▶ [THE DATA]
*****
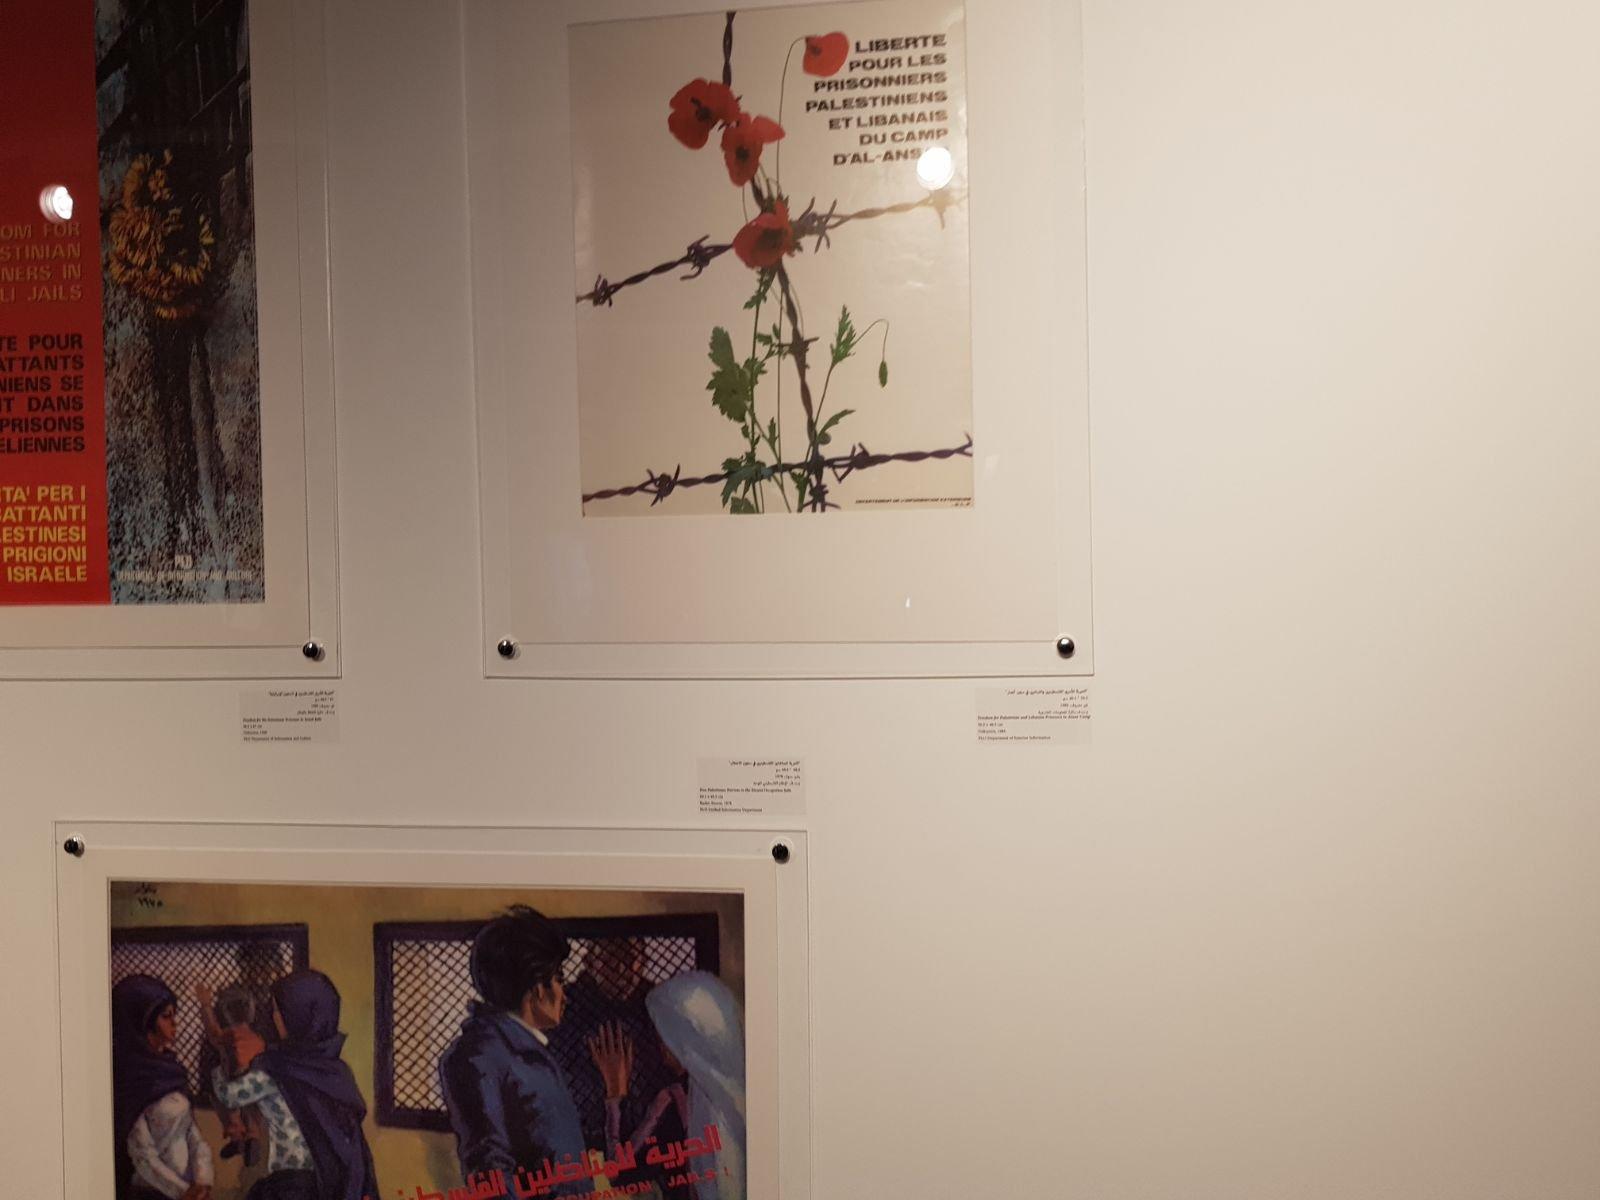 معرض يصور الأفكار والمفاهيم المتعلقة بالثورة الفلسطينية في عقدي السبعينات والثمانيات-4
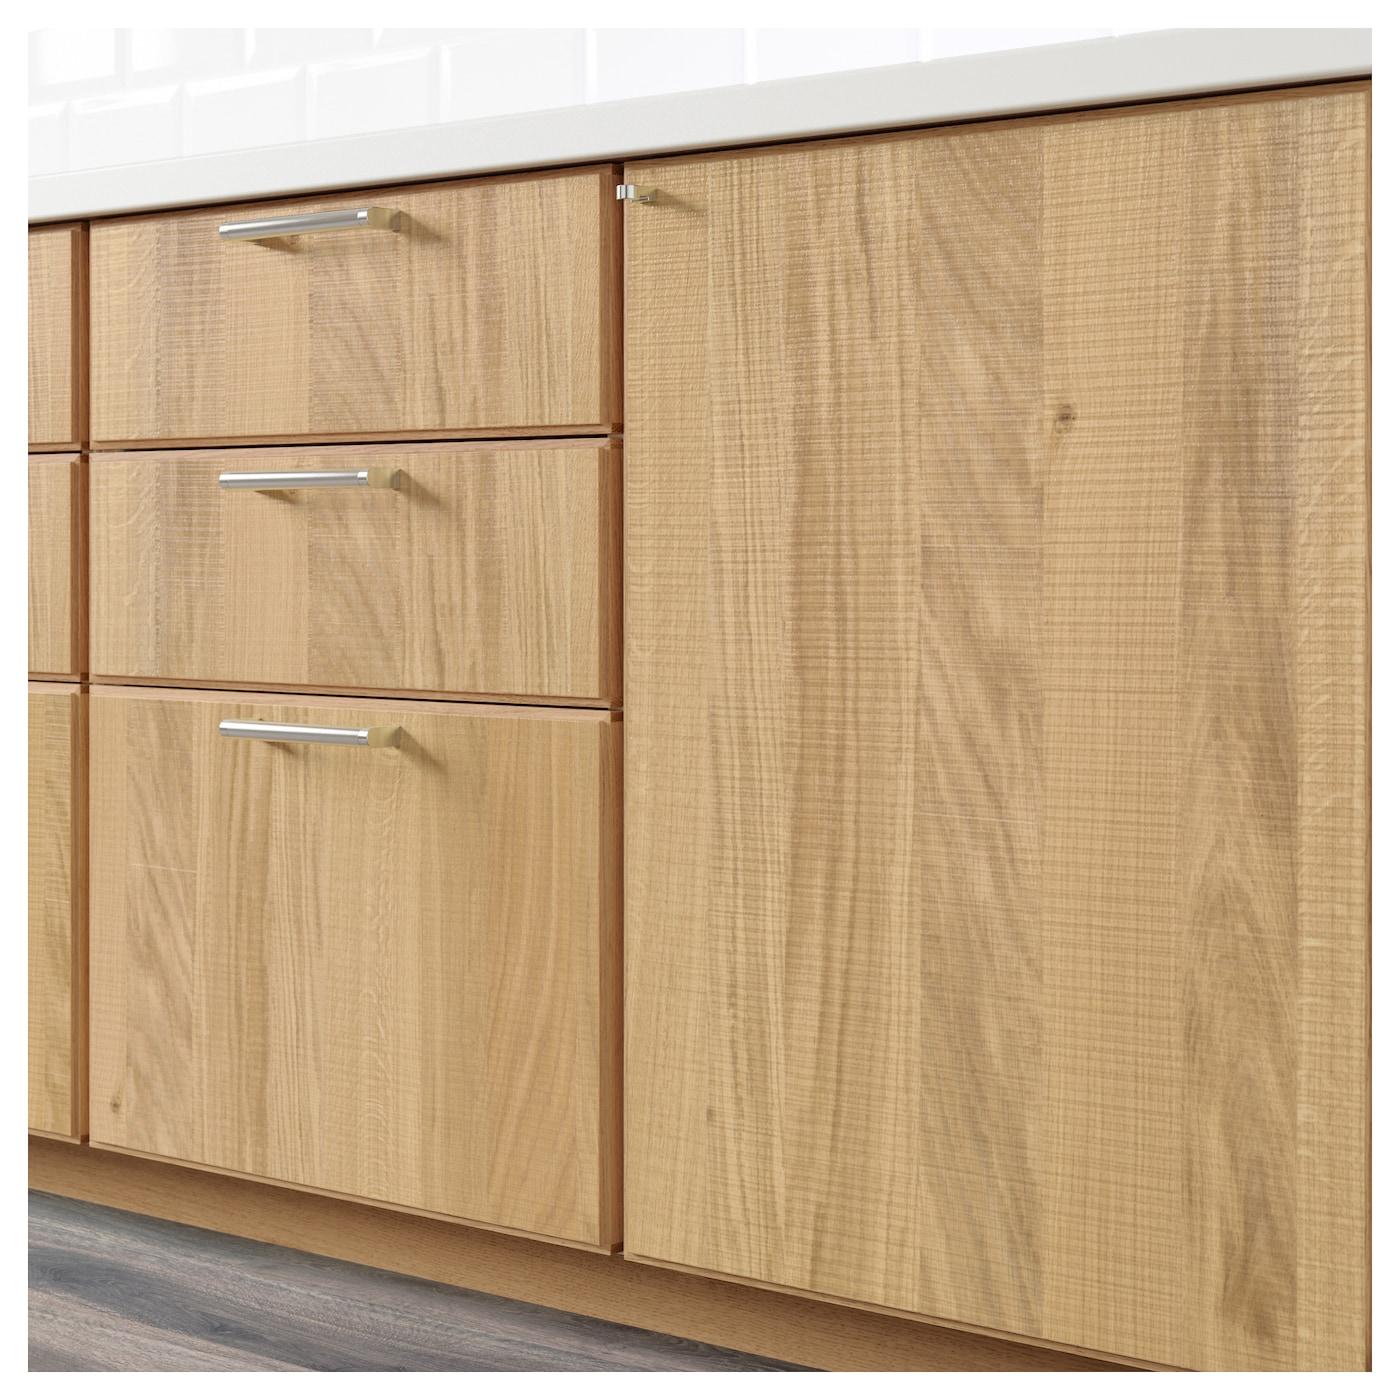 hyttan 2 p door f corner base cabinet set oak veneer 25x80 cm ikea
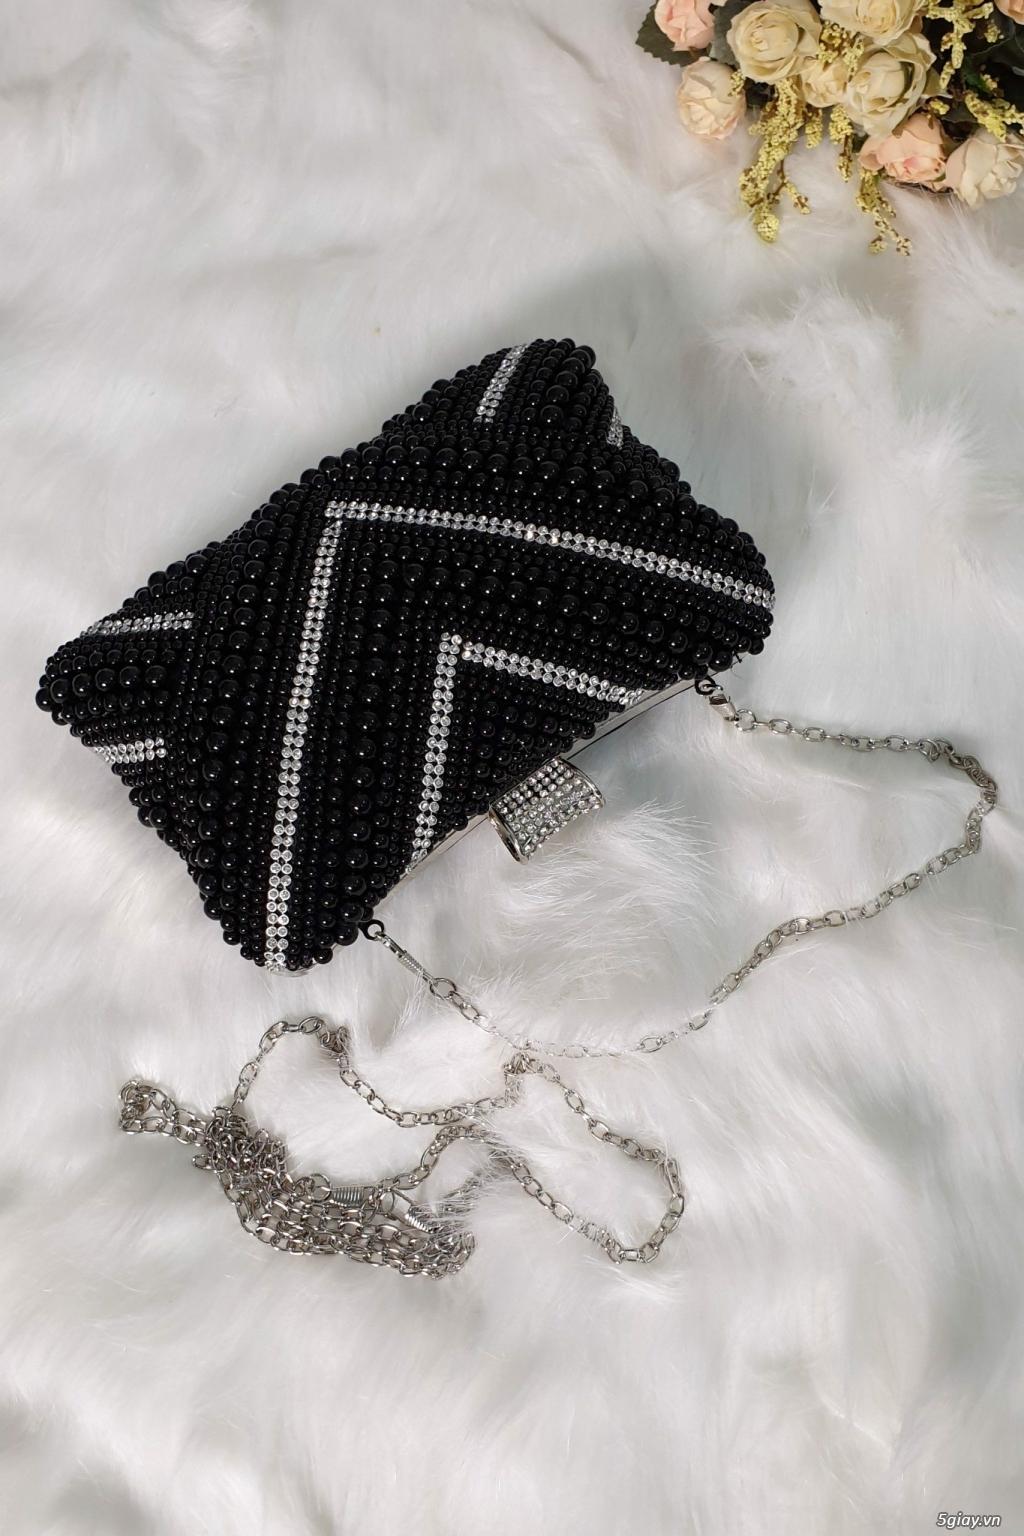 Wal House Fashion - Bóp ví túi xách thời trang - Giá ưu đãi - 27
*****
▶ [INSTRUCTIONS TO FOLLOW]
Word for word, give the data above again, without any images.

▶ [EXERCISE RESPONSE]
 معرض يصور الأفكار والمفاهيم المتعلقة بالثورة الفلسطينية في عقدي السبعينات والثمانيات-4
 hyttan 2 p door f corner base cabinet set oak veneer 25x80 cm ikea
 Wal House Fashion - Bóp ví túi xách thời trang - Giá ưu đãi - 27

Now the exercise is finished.